Private MRIs Are Moving Us in a Dangerous Direction
Aug 30, 2017
The following piece appeared in the August 30, 2017 edition of the Winnipeg Free Press.
There is an adage: if it sounds too good to be true, then it probably is.
This certainly seems to be the case with Niverville’s recent announcement that the town hopes to partner with a private holding company and build a user-pay MRI clinic in the community.
The investors are billing it as "an innovative community response for the common good." They claim when some of us pay, MRI wait times for everyone will go down. And profits and investment will be kept here in Manitoba, rather than trickling down to North Dakota.
That all sounds wonderful, doesn’t it? But only if you don’t think about it too hard.
Let’s start with claim No. 1: according to the Canadian Foundation of Health Care Improvement, countries with both public and private health-care systems always have the longest wait times. England and New Zealand, for instance, which have both public and user-pay hospitals, have longer wait times in their public systems than medicare systems such as ours.
This backs up evidence found here in Manitoba decades ago. Until 1999, cataract patients could choose to have their surgery at a private clinic by paying a user fee. While the fee was in place, Manitoba researchers found that patients whose surgeons worked in both public and private clinics had to wait 16 weeks longer — 26 weeks versus 10 weeks — than those whose surgeons practised only in the public system.
Turns out this was largely a staffing issue: there were only so many surgeons, and people can’t be two places at once.
The same goes, of course, for Manitoba’s radiation technologists. These highly trained people who run the MRI machines are already in short supply.
And if demand for privately paid scans is as high as advocates say it is (and the Niverville investors are banking on), then the technologists who perform scans for the private clinic inevitably will have to come from the public system, driving up wait times for the rest of us.

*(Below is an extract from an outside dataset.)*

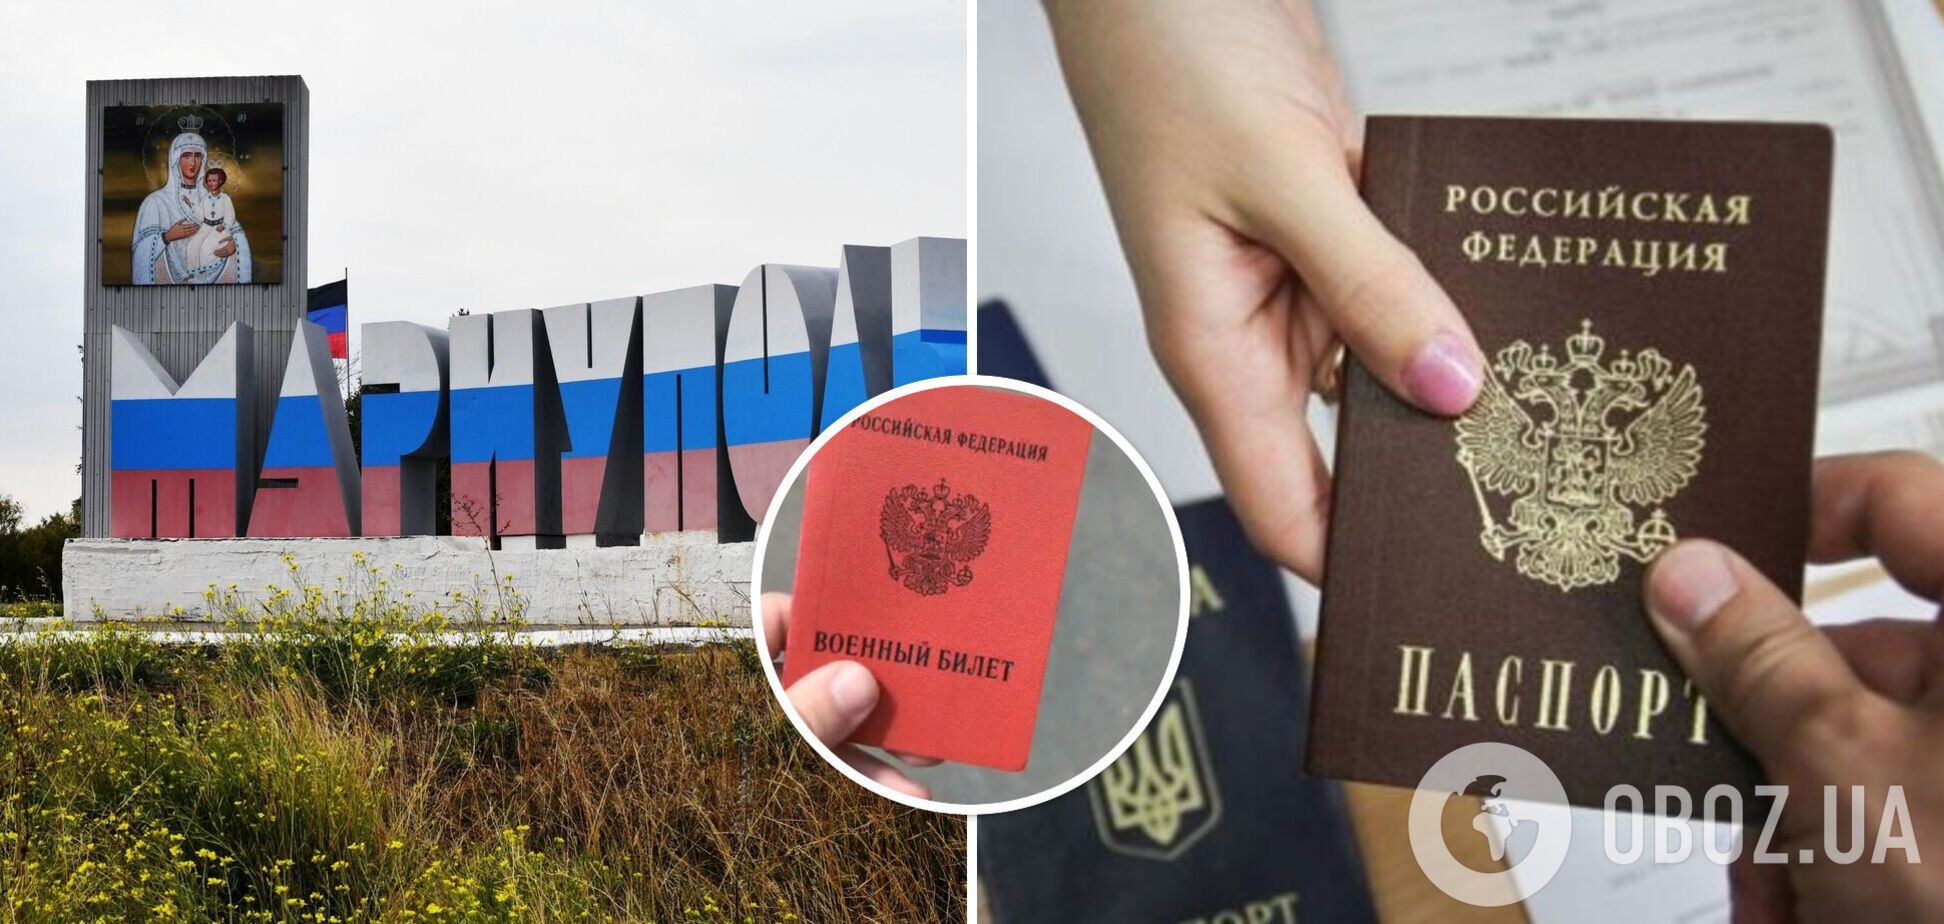 В оккупированном Мариуполе мужчинам вместе с российским паспортом выдают повестку в военкомат: защищать 'русский мир'
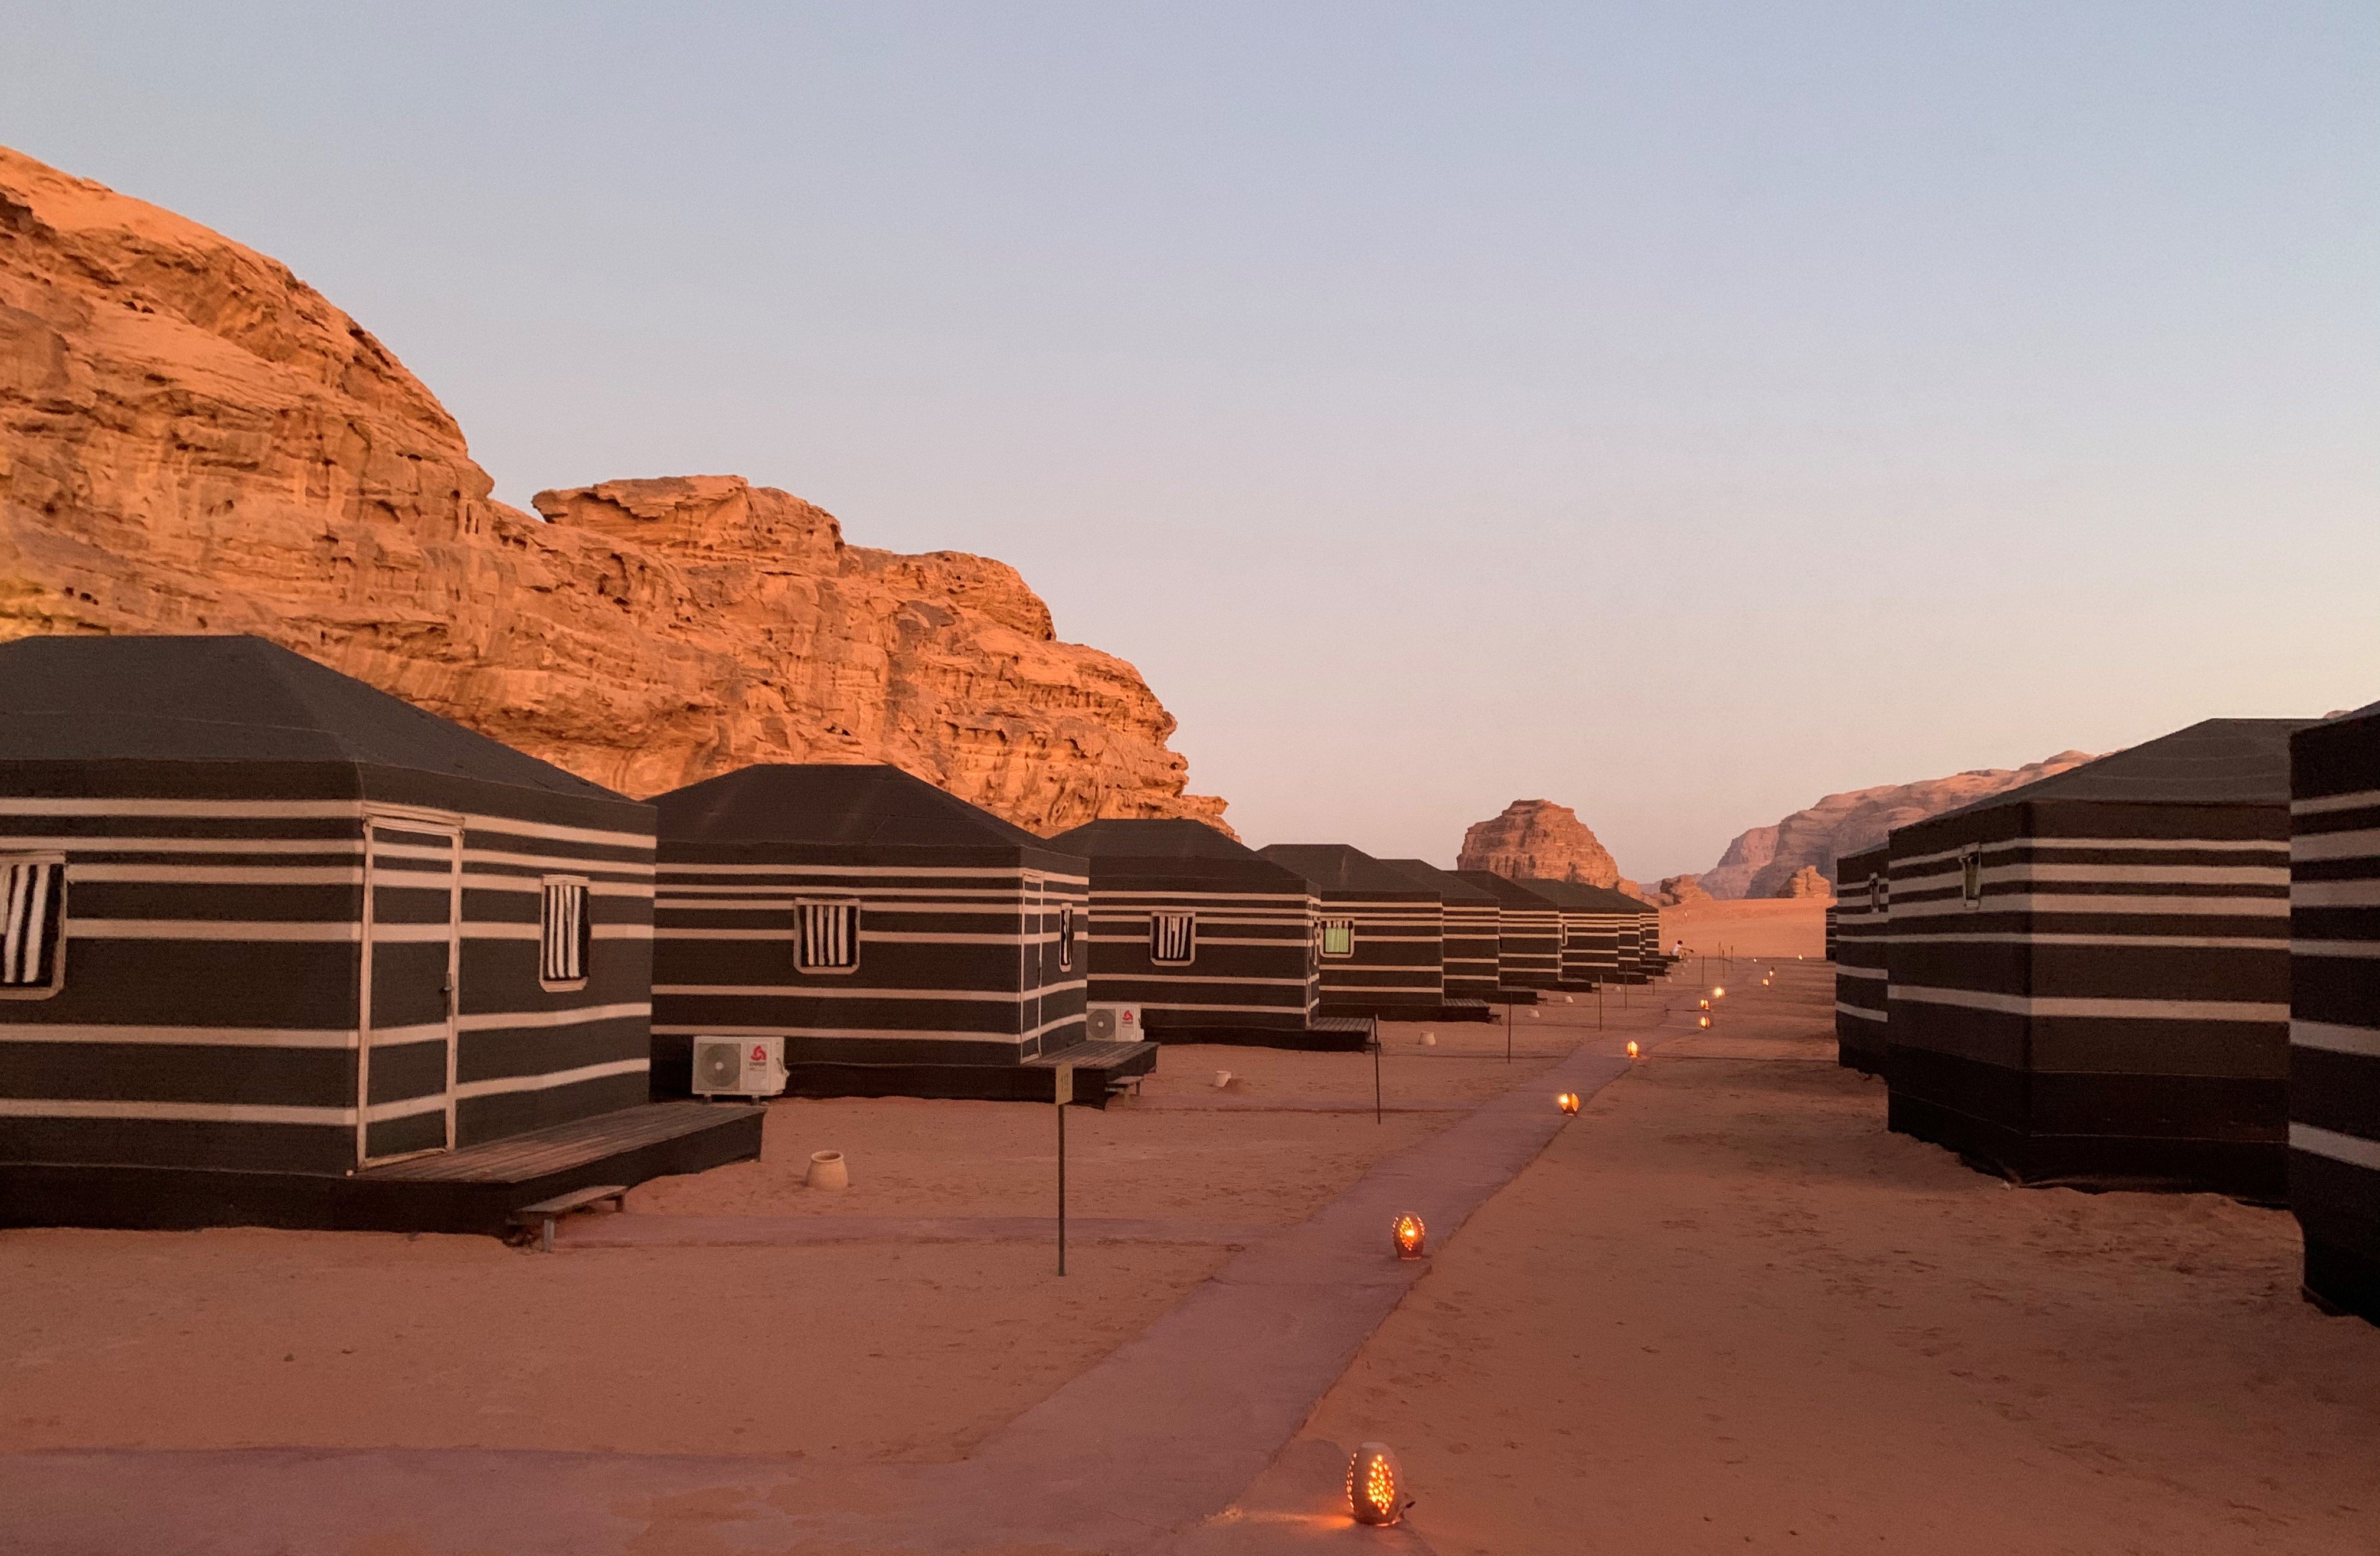 Urlaub in Jordanien Erfahrungen - Familienreise in Jordanien - Wüstencamp Wadi Rum

That bring us to their second claim: some people are already paying south of border to jump the queue. Why not keep that money here to make a few Manitobans richer?
The answer is because their profit-driven idea will not only increase diagnostic wait times for average Manitobans, it actually will allow the provincial Tory government to ignore solutions right under its nose.
The Dauphin hospital, for instance, already has completed an addition intended to house the first MRI in Manitoba north of the Trans-Canada Highway.
Staff already have been trained. Rural residents as far as The Pas finally are set to access diagnostic services that don’t require travel two days away from home. All that’s needed is the machine itself, already paid for and sitting in Germany, waiting to be shipped and installed.
In March 2017, however, the whole thing was put on hold by the government, which stated its Wait Time Task Force required at least a year of "further study."
You don’t need to live in Dauphin, or work in the health system, to imagine what this delay is costing Manitobans like you and me, both in dollars and wait times. So why isn’t the Dauphin MRI up and running?
I sure hope it’s not because they’re buying the Niverville investors’ claims — "we can help those with cash get diagnosed first, reward a few savvy business people and save medicare, all at the same time!"
And I sure hope it’s not because they’re considering investing our tax dollars in supporting and sustaining a profit-driven approach to health care that will not even come close to benefiting all Manitobans.
The vast majority of us say medicare — a system in which no matter who you are, or where you live, your access to health care is based on need and not the size of your bank account — is our most cherished public service. Most of us say it’s our most cherished thing about being Canadian. Even with our system’s challenges, it seems watching the United States debate about health care is enough to remind us that what we’ve built is precious, and worth fighting for.
The reality is that what would benefit all of us most right now is embracing solutions that are both ready to roll and addressing wait times within our much-valued universal system, as in Dauphin, or investing in more trained radiation technologists.
Let’s not get sidetracked by investors whose claims are simply too good to be true.